SCHUBERT Arias & Overtures (Behle)

Record and Artist Details

Genre:

Vocal

Label: Deutsche Harmonia Mundi

Media Format: CD or Download

Media Runtime: 60

Mastering:

DDD

Catalogue Number: 88985 40721-2

88985 40721-2. SCHUBERT Arias & Overtures (Behle)
Handicapped by stilted, slow-moving librettos, Schubert’s stage works, like Haydn’s, seem forever destined to languish on the margins of the repertoire. Even the most impressive, Alfonso und Estrella and Fierrabras, tend to unfold as a series of static tableaux rather than as constantly evolving dramas-in-music. For long stretches they can sound like a medley of orchestrated songs, with Gemütlichkeit and Biedermeier charm the default modes.

Yet, Schubert being Schubert, the purely musical delights are legion. Die Zauberflöte and Fidelio are the prime influences in this appealing selection of tenor arias that ranges from the 1815 Singspiel Die Freunde von Salamanka, via numbers from the fragmentary Adrast and the unfinished Easter cantata Lazarus, to the ‘heroic-romantic’ Fierrabras.

Melodic allure and Schubertian harmonic magic are a given, though the dramatic power of the anguished scena from Das Zauberglöckchen (one of two numbers Schubert composed for a Viennese production of Hérold’s La clochette) may surprise the unwary. The nostalgic Adrast aria is a little-known gem, while Alfonso’s ‘Schon wenn es beginnt zu tagen’, with its catchy polonaise rhythm, could well have become a Schubertian favourite had it appeared in the Peters Edition of his songs.

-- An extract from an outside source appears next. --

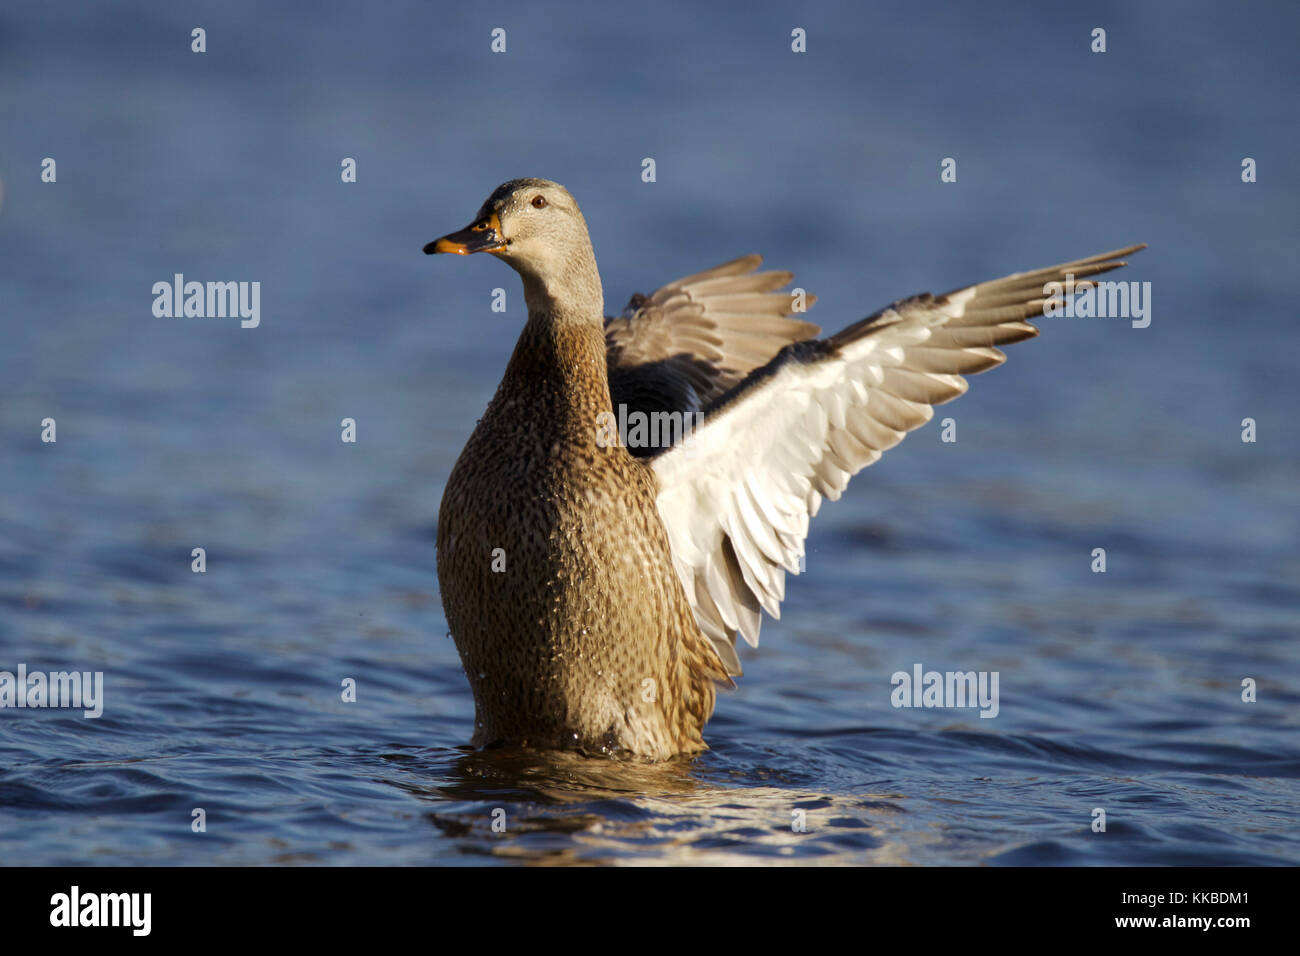 A female mallard duck Anas platyrhynchos flapping her wings on a blue lake Stock Photo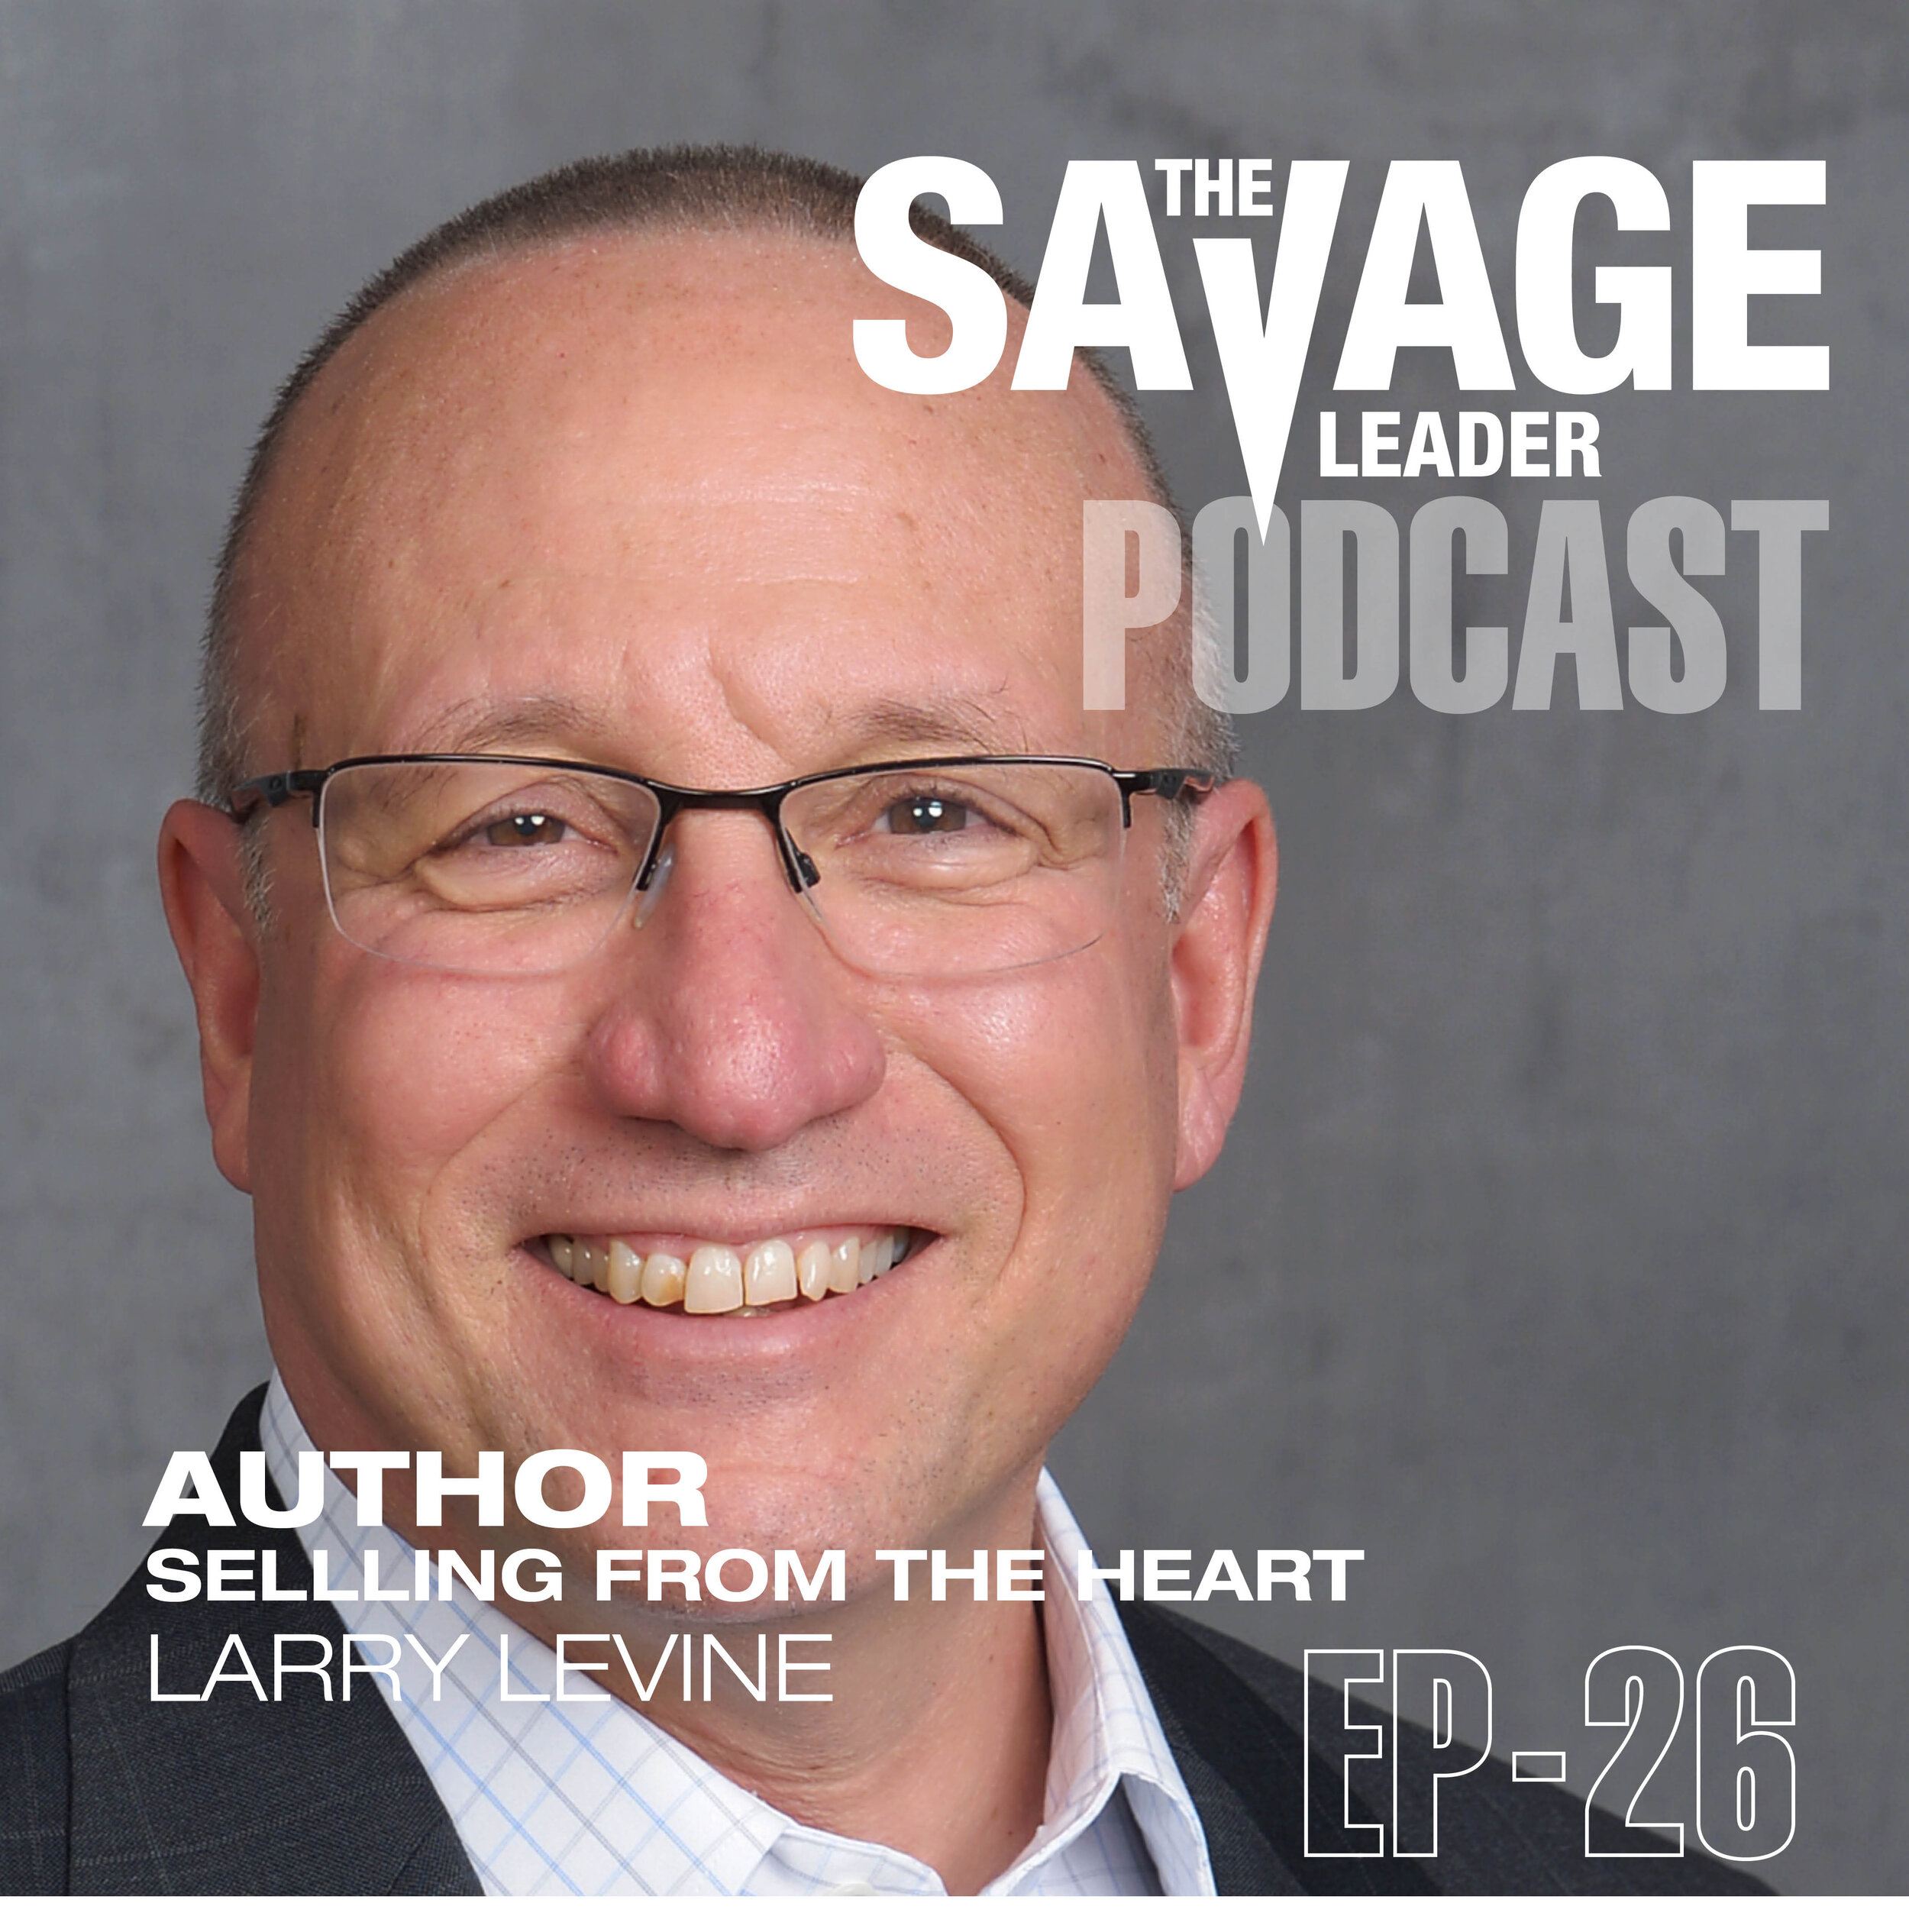 Selling From the Heart Author Larry Levine on How to Sell Authentically  through Care and Emotion — The Savage Leader

Admired especially in Bach and Mozart, Daniel Behle is a German lyric tenor in the Peter Schreier mould, though his timbre is smoother and rounder, with a honeyed mezza voce and no hint of grittiness at forte. Most of the music here demands, and gets, a fine-spun line, grace of phrasing and an easy flexibility. Yet with a touch of steel in his tone, Behle rises without strain to the more rigorous challenges of the Fierrabras and Zauberglöckchen numbers. He is a thoughtful interpreter, too, with a Lieder singer’s care for words, and finds as much individual character as the music allows, including a twinkling sense of humour in a cynical buffo aria from Die Freunde von Salamanka. Under Michi Gaigg’s lively direction, the Orfeo Baroque Orchestra are responsive accompanists (plaudits to the first oboe and first clarinet in their many carolling dialogues with the singer), and on their own give vigorous and colourful performances of the splendid overtures to Die Zauberharfe and Alfonso.